The article “Localization of Multiple Acoustic Sources with a Distributed Array of Unsynchronized First-Order Ambisonics Microphones”, by C. Shörkhuber, P. Hack, M. Zaunschirm, F. Zotter and A. Sontacchi, in Proceedings of the 6th Congress of the Alps-Adria Acoustics Association, October 2014, Graz, Austria proposes a solution in which, under the hypothesis of temporal and spectral disjointness, a difference-of-arrival histogram covering a set of directions around the array is built for each array, then a spatially discretized probability function is calculated by combining the histograms obtained for the various arrays.
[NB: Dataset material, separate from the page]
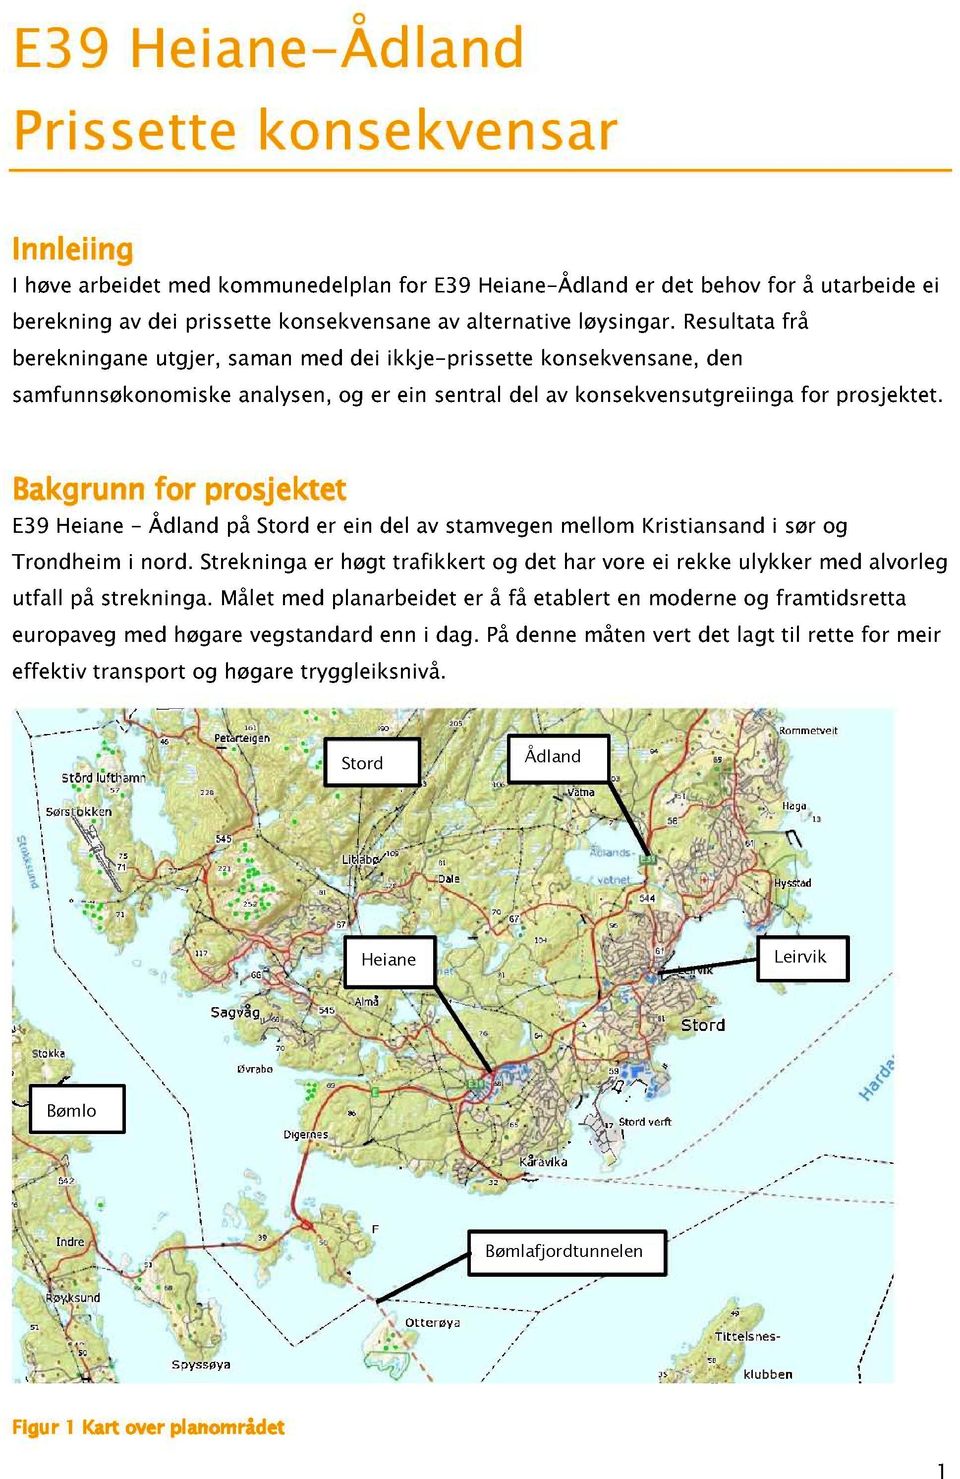 Bakgrunn for prosjektet E Heiane - dland på Stord er ein del av stamvegen mellom Kristiansand i sør og rondheim i nord.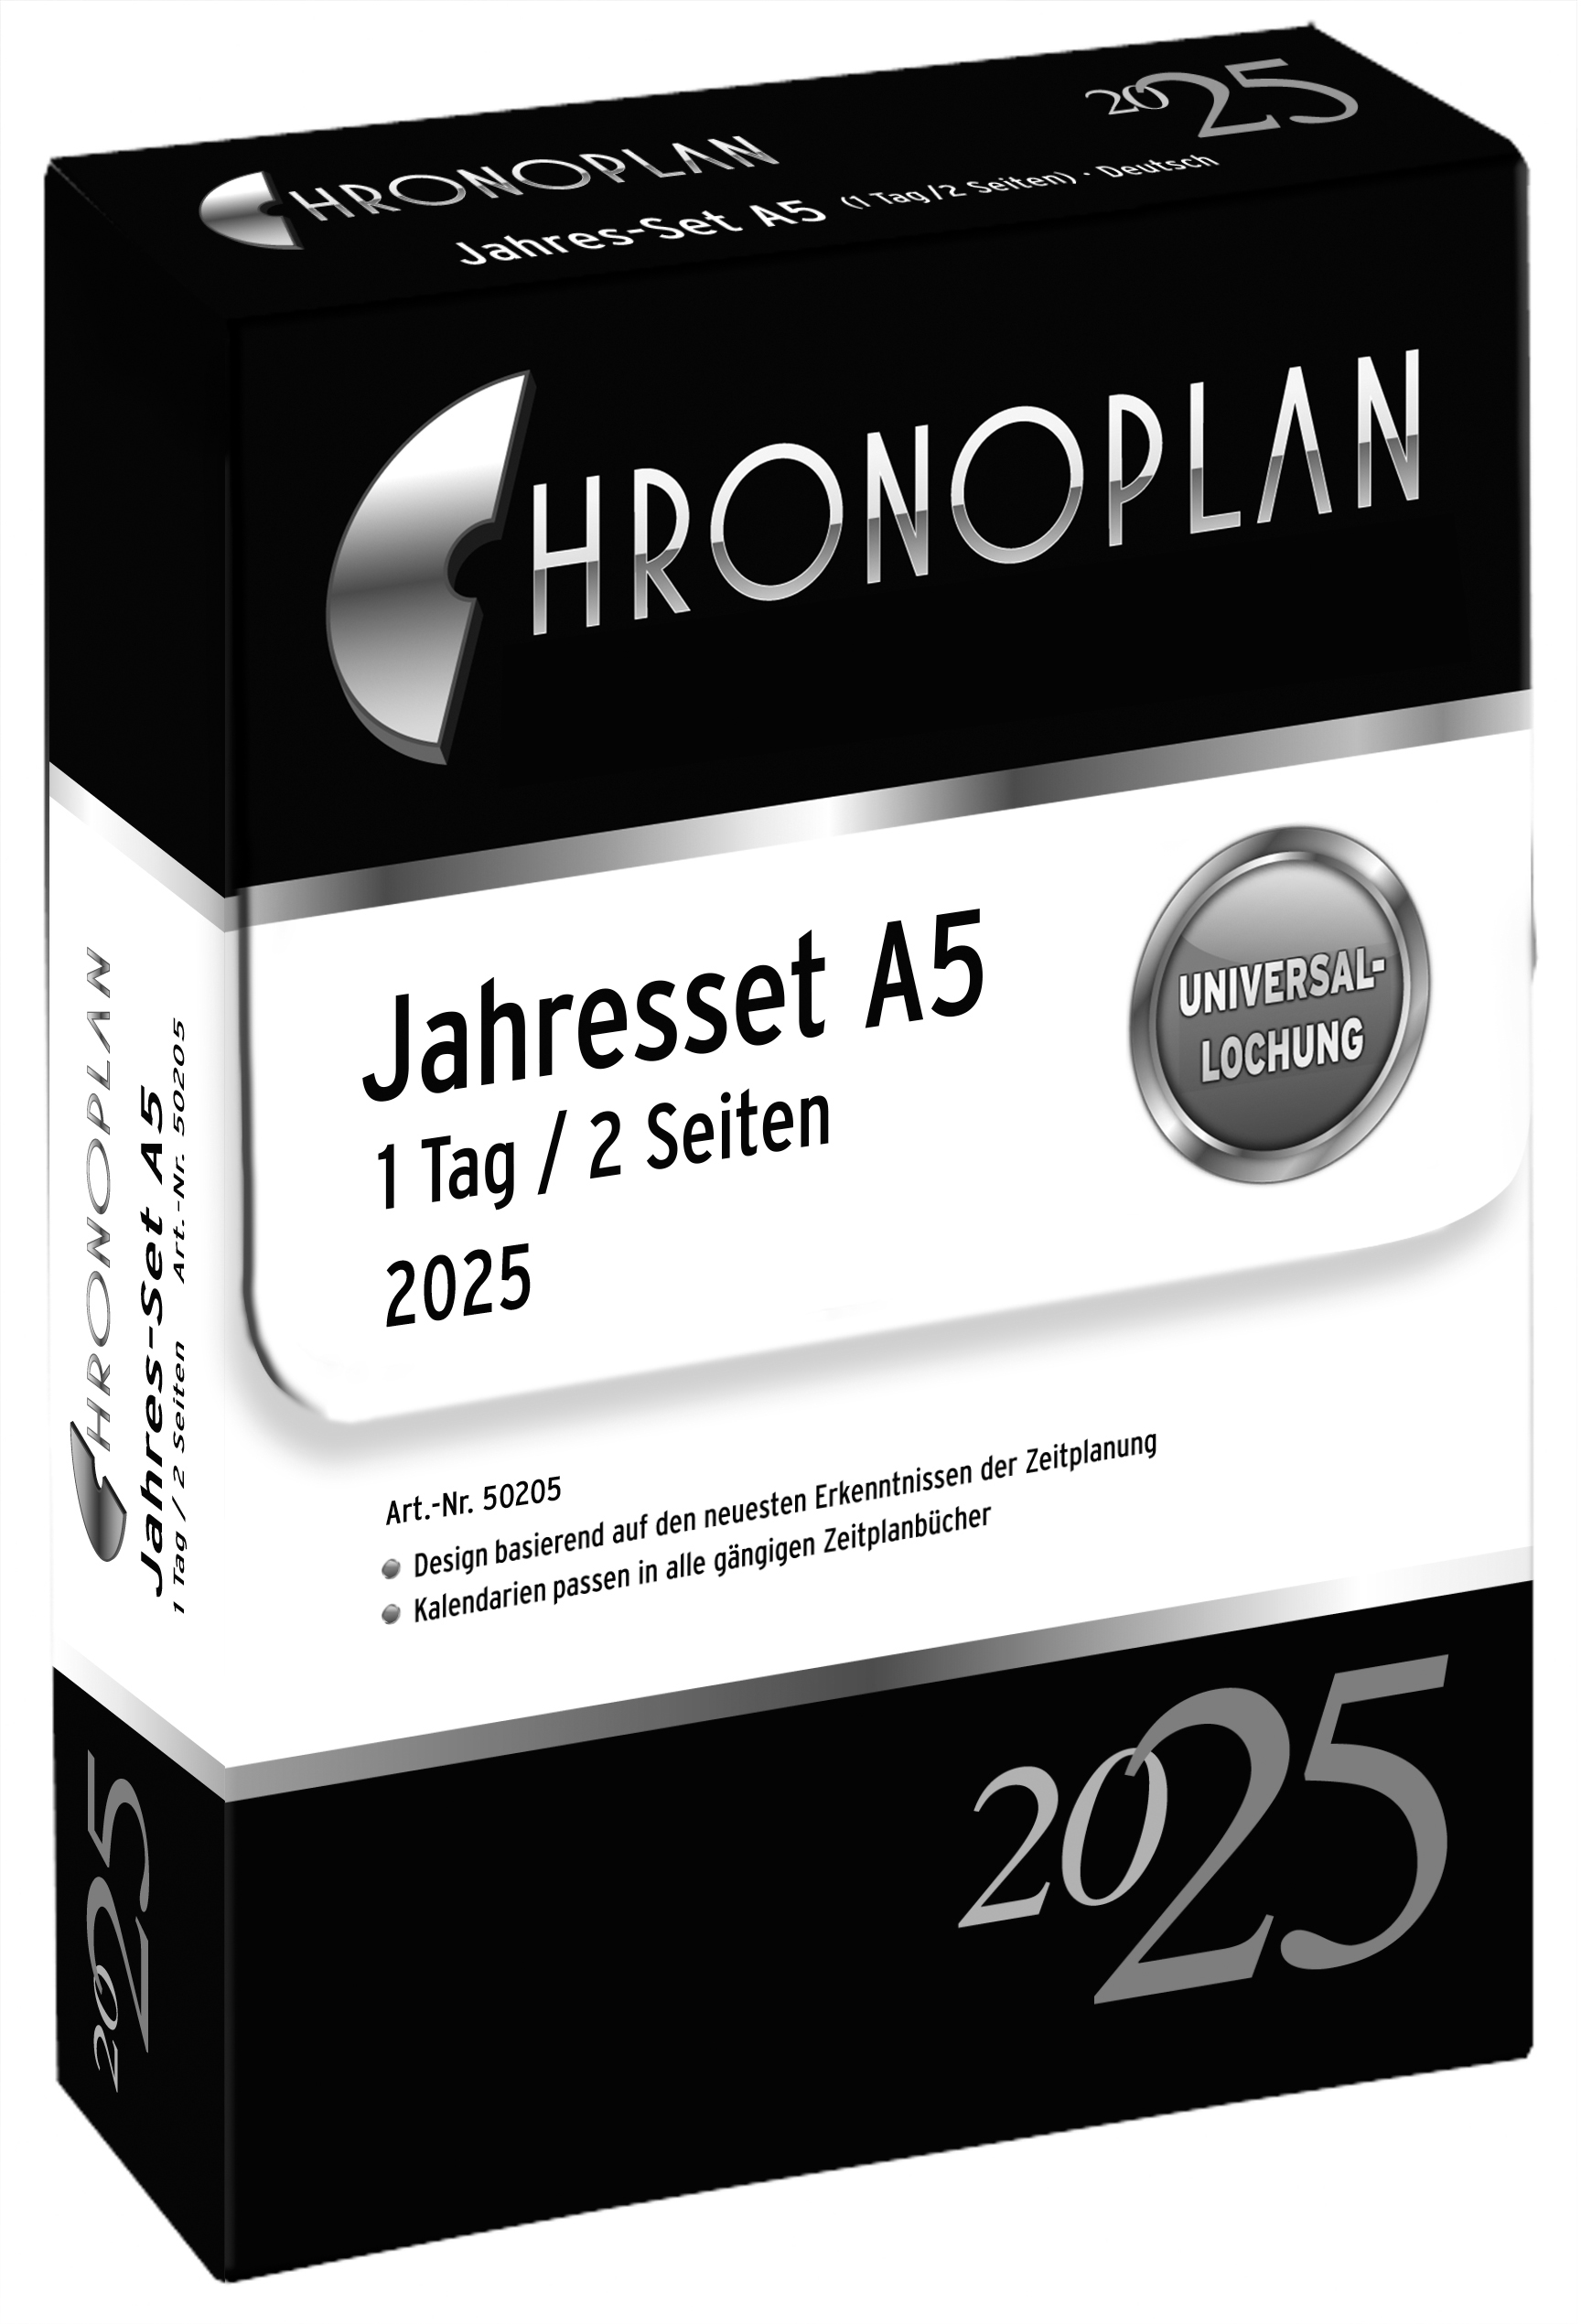 CHRONOPLAN Contenu box 2025 50205Z.25 1T/1S A5

In this context, the present invention proposes a method for estimating a quantity representative of the sound energy at at least one point of a three-dimensional space where a plurality of arrays are located, each comprising at least K acoustic sensors, K being higher than or equal to 2, comprising the following steps:
The use of arrays each comprising at least 2 acoustic sensors (and preferably at least 4 acoustic sensors) allows a fine analysis of the sound field at the array. The various signals resulting from this analysis allow generating a matrix that renders accurately the sound field present at the array. The sound field analysis is thus both rich and made in a compact way, so that it is possible to map correctly the sound field at the array.
In the case where 2nd-order ambisonic signals are used, for example, the number K of acoustic sensors per array is higher than or equal to 9. In the case where 3rd-order ambisonic signals are used, the number K of acoustic sensors per array is higher than 16.
The step of determining a raw value for a given array may comprise the following sub-steps:
In order to cover a set of directions about each array, the estimation method may comprise, for each array of the plurality of arrays, a step of determining, based on said matrix, a plurality of directional values of the quantity representative of the sound energy received at the array in question, from a plurality of directions respectively.
Moreover, it may be provided, for at least one array of the plurality of arrays, a step of refining the directional values by means of a beamforming technique.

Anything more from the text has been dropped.